#### Excerpted data ####

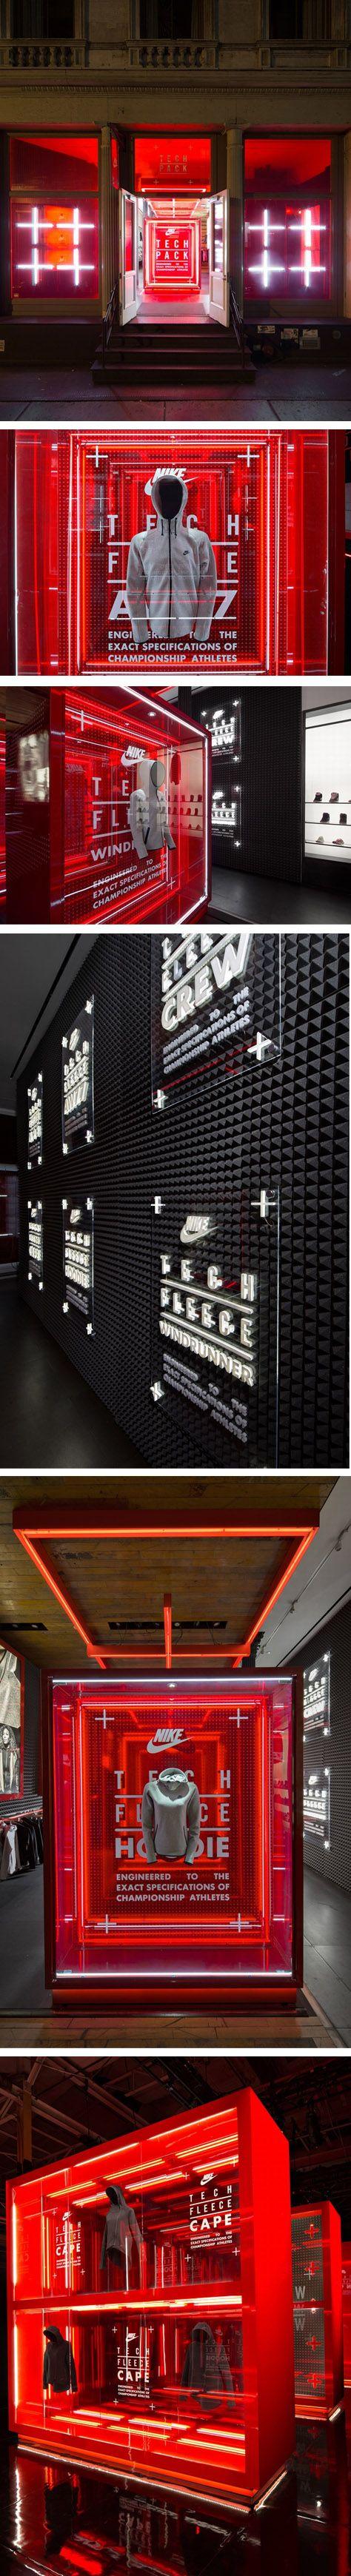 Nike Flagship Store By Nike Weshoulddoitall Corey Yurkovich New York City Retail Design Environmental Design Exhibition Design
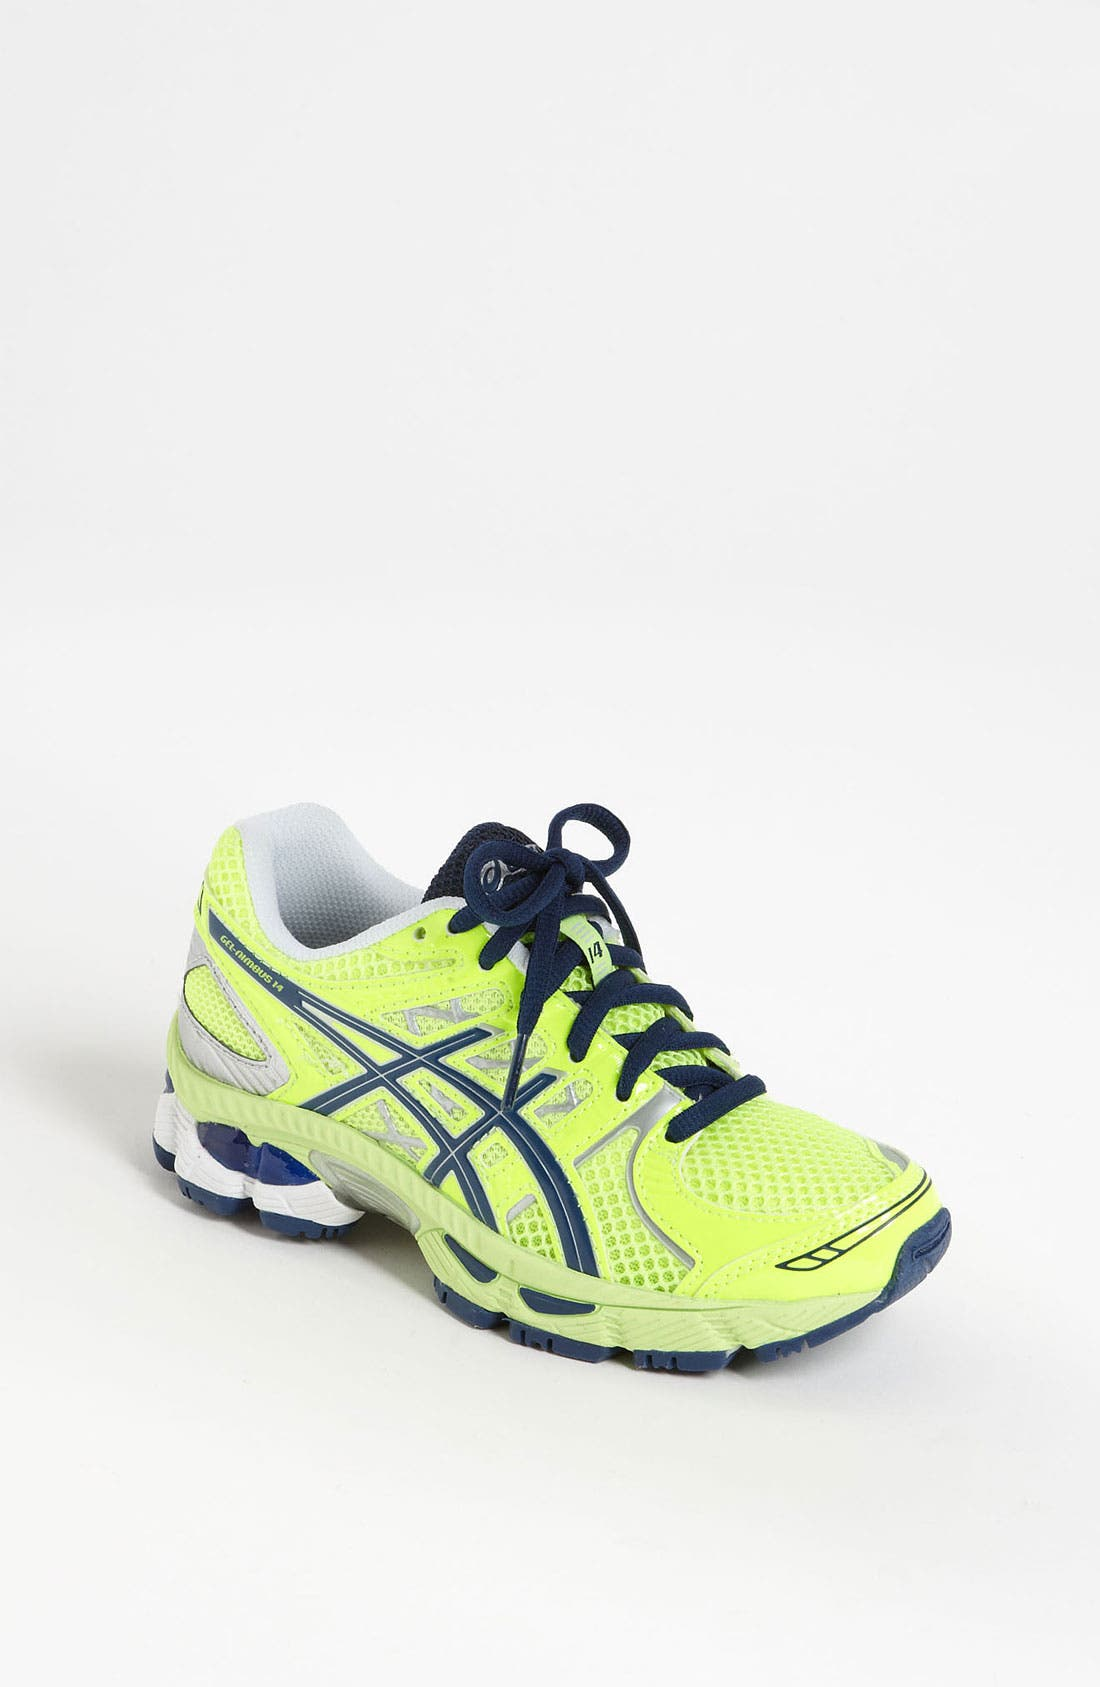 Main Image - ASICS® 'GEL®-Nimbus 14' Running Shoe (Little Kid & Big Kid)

####
#### Excerpted data ####

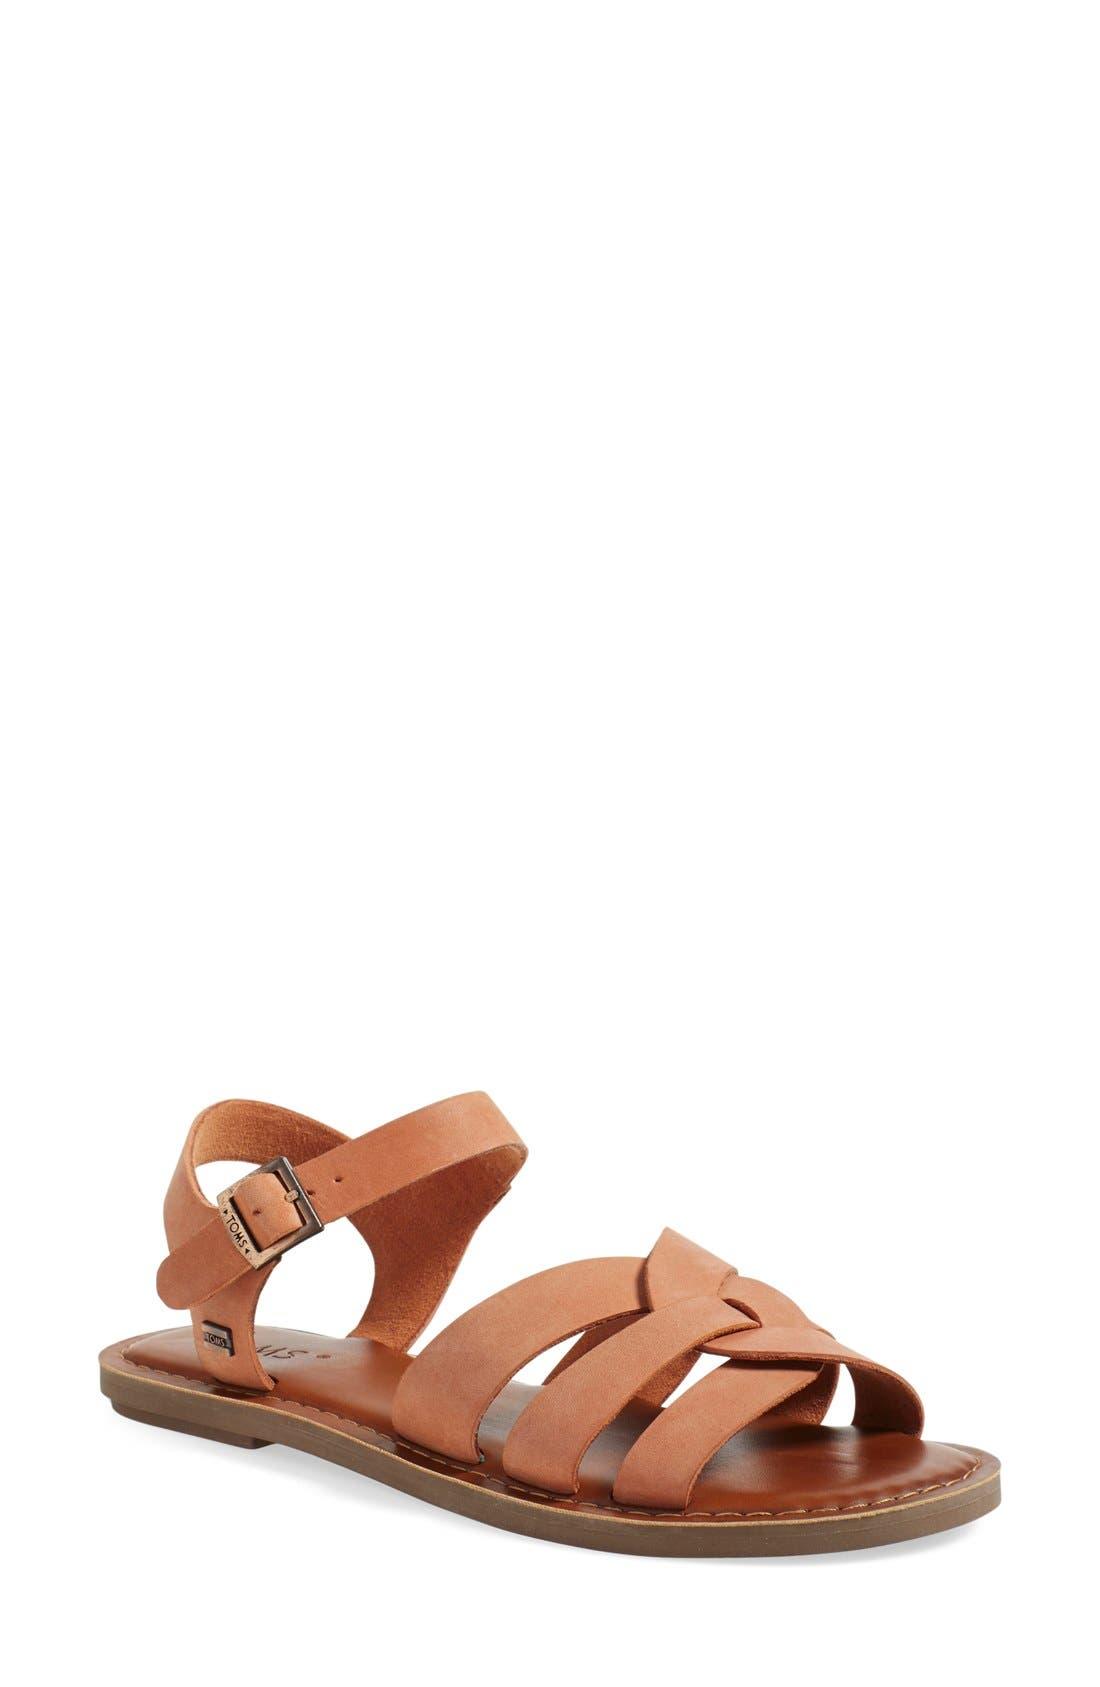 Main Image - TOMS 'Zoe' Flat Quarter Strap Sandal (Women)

####

● **Task to complete**
Quote the data above exactly from the line with "Nike Flagship Store" to the line with "Main Image - ASICS®", both ends counted, and nothing else. Pictures don't go in.

● **Reply**
 Nike Flagship Store By Nike Weshoulddoitall Corey Yurkovich New York City Retail Design Environmental Design Exhibition Design
 Main Image - ASICS® 'GEL®-Nimbus 14' Running Shoe (Little Kid & Big Kid)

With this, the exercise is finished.